AI model with single-source dataset outperforms multi-institution version
An AI program trained on MRI scans from a single institution yielded comparable results when compared to one trained with a much larger dataset pulled from multiple sources. The results are published in Clinical Imaging. [1]
In a study out of the University of Alabama at Birmingham, researchers aimed to assess the performance of an AI model in segmenting kidney and cyst regions in MR images of patients with autosomal dominant polycystic kidney disease (ADPKD). The team used the widely popular U-Net deep-learning architecture, proven useful in segmenting images, adding custom code from open-source AI and Python databases to finalize their model.
The custom U-Net model was then trained on two datasets for comparison, one from a single institution and another trained on 756 MRI images from four institutions.

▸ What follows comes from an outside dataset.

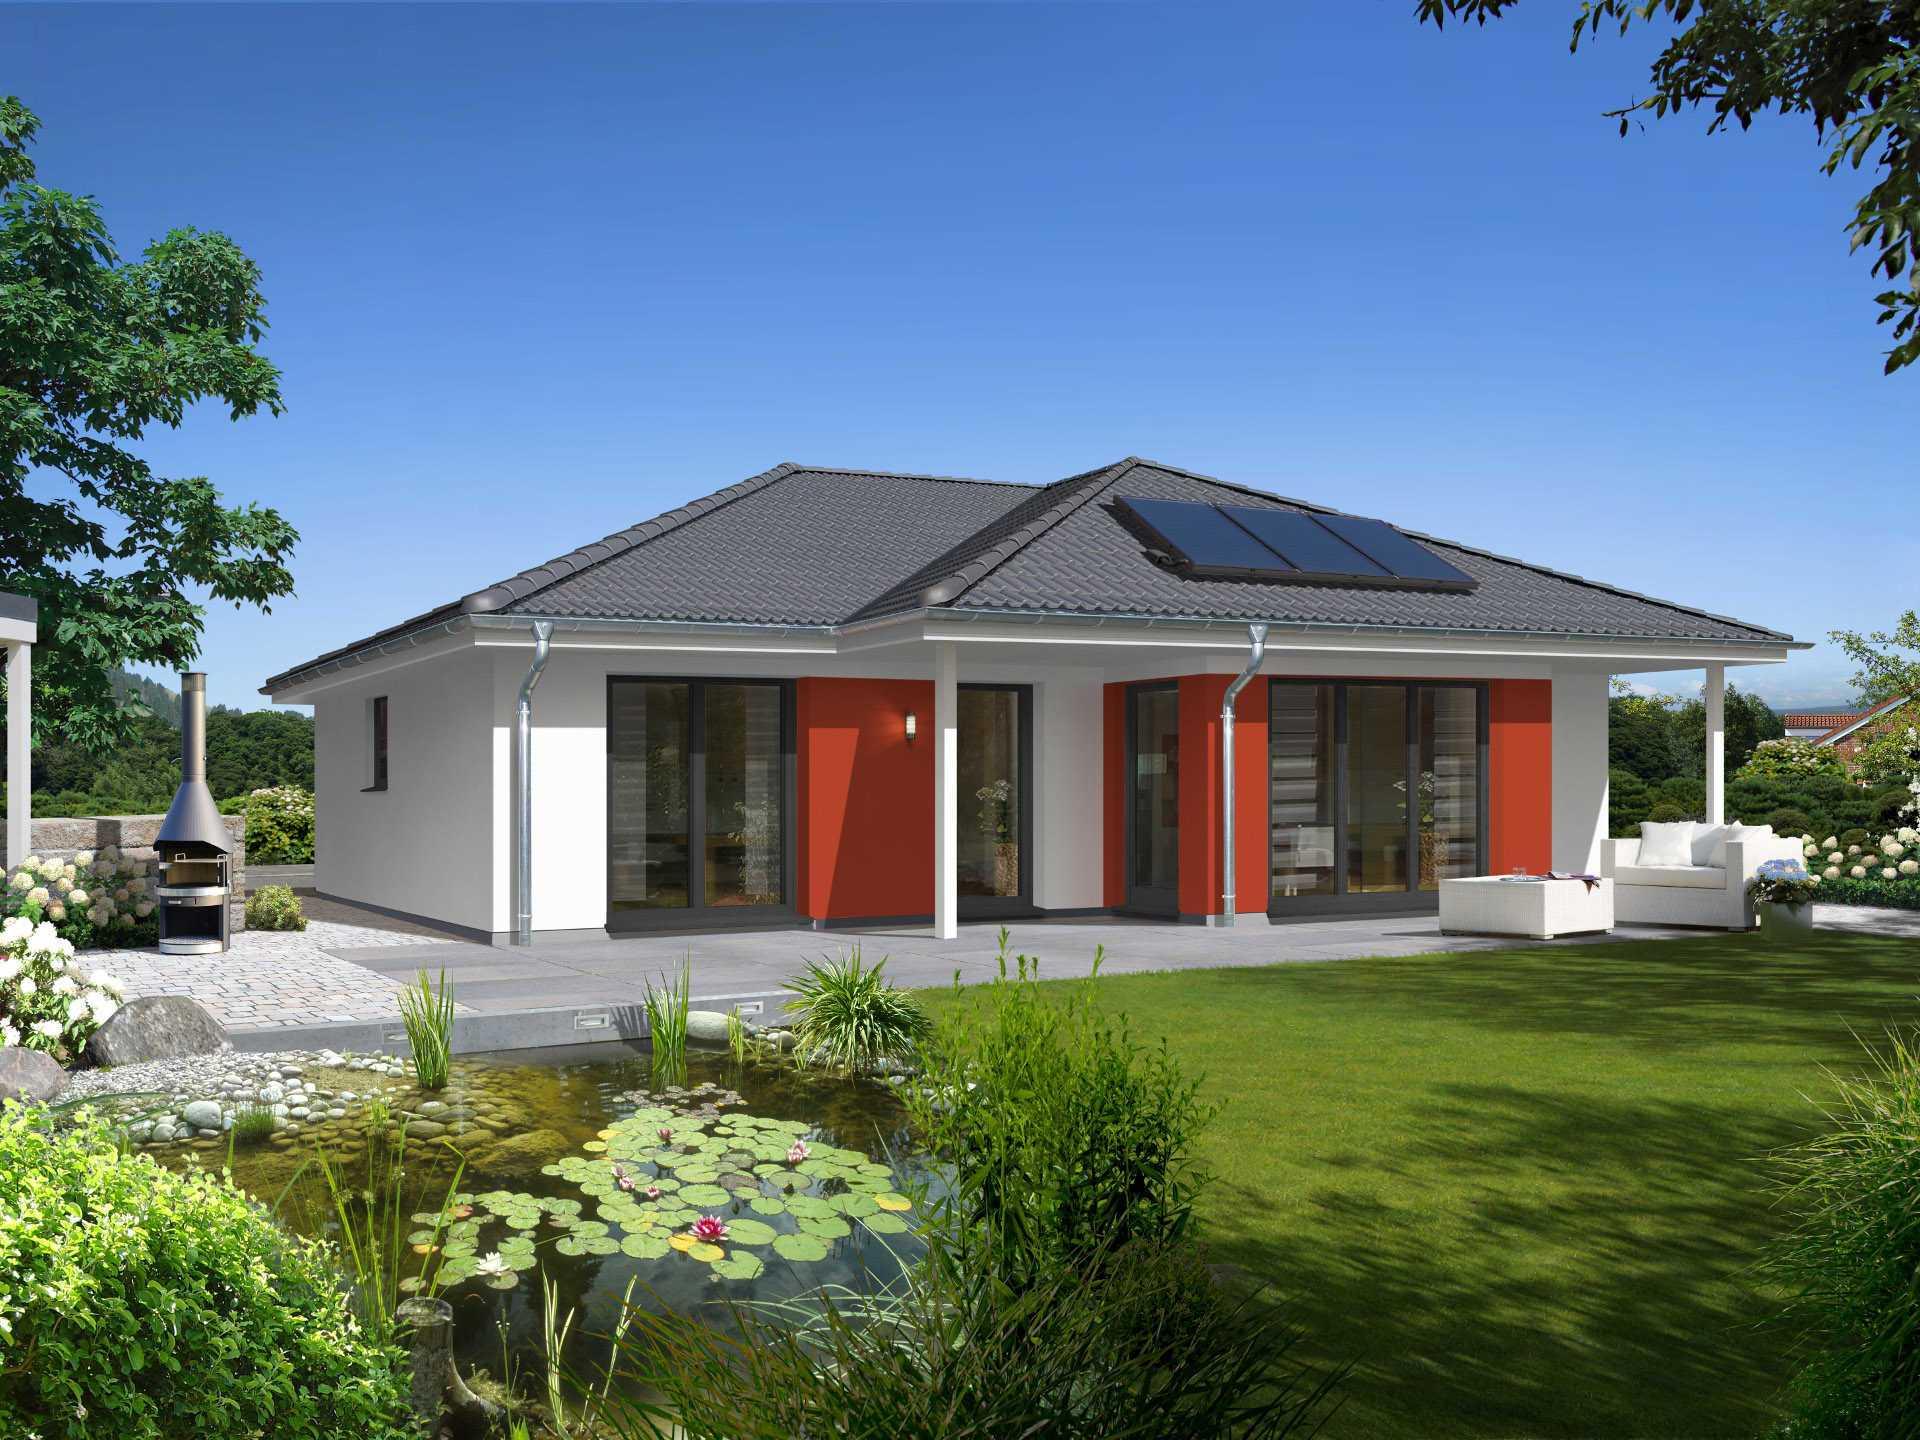 Bungalow 128 town country haus for Haus mit doppelgarage bauen

The U-Net trained with a small sample size from a single institution yielded variable accuracy when segmenting images from different organizations. However, when the AI trained on a single institution was tested for the images from that same institution, it yielded comparable segmentation accuracy to the one trained with a larger multi-institutional dataset.
When both were tasked with segmenting ADPKD kidney regions in MRI images, the U-Net model trained on a single institution's data demonstrated comparable accuracy to the one trained with a larger multi-institution collection of information. However, the results varied when the single-source AI was tasked with segmenting images taken from an institution outside its dataset.
“The single institutional data has less variations in MRI scanners/coils, imaging parameters, and image pre-processing techniques, allowing the model to offset the generality of a larger model for the specificity in a smaller model in segmenting early ADPKD,” the authors led by Emma Schmidt of the University of Alabama at Birmingham wrote. “As long as the imaging hardware and protocol remain consistent, the model trained with single institutional data may be effective for kidney segmentation in the MRI images of ADPKD patients obtained from the same institute.”
The evaluation of performance using the Dice Similarity Coefficient (DSC) revealed that, for kidney image segmentation, the AI trained with a single institutional dataset were only 1%-2% lower than those trained with a multi-institutional dataset. However, in cyst segmentation, the DSCs for the model trained with a single institutional dataset were 2%-20% lower than those trained with a multi-institutional dataset.
Despite performing well when looking at a narrow set of images, the authors said that AI trained on a larger dataset from multiple institutions may still be preferable.
“As the severity of the volume and number of cysts increase, models trained on significantly larger or multi-institutional datasets may be necessary to ensure the highest model accuracy and segmentation results,” the authors wrote, adding that the models “may need to be continuously updated to compensate for the intra-scanner variability.”
The authors warned that the custom U-Net model trained on a single institutional dataset “may not be reliable for accurate segmentation,” given its limitations.
“To improve the accuracy in cyst segmentation, a more extensive dataset should be employed and/or different deep learning algorithms may need to be explored,” the authors concluded.